● WHAT NEEDS TO BE DONE: Which of the lines below hold "life"? Please return each one.

● STORED DATA:
= = =

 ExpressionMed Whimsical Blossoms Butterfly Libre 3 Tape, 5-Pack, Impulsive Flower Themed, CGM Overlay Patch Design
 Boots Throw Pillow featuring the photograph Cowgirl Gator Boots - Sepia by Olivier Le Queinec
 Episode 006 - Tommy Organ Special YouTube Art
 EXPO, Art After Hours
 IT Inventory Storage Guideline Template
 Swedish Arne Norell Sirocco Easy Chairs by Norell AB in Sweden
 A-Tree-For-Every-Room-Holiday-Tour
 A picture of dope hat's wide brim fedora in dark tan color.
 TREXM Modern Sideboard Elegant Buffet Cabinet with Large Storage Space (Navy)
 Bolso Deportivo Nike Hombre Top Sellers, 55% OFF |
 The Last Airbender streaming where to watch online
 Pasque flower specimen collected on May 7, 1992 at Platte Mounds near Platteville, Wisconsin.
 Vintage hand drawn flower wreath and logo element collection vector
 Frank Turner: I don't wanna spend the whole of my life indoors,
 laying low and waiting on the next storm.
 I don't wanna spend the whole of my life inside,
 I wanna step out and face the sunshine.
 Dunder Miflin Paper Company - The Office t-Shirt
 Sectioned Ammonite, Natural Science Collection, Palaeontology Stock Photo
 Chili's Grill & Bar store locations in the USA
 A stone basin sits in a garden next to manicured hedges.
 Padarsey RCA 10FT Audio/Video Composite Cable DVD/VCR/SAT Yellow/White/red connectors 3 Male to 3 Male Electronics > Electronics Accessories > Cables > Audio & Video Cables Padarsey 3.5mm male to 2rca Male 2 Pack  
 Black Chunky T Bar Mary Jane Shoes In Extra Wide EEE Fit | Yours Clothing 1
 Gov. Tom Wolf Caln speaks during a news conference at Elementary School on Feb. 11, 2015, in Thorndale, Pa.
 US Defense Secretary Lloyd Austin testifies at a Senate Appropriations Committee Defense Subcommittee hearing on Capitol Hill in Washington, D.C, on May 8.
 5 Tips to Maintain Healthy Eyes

= = =

● YOUR SOLUTION:
 Frank Turner: I don't wanna spend the whole of my life indoors,
 I don't wanna spend the whole of my life inside,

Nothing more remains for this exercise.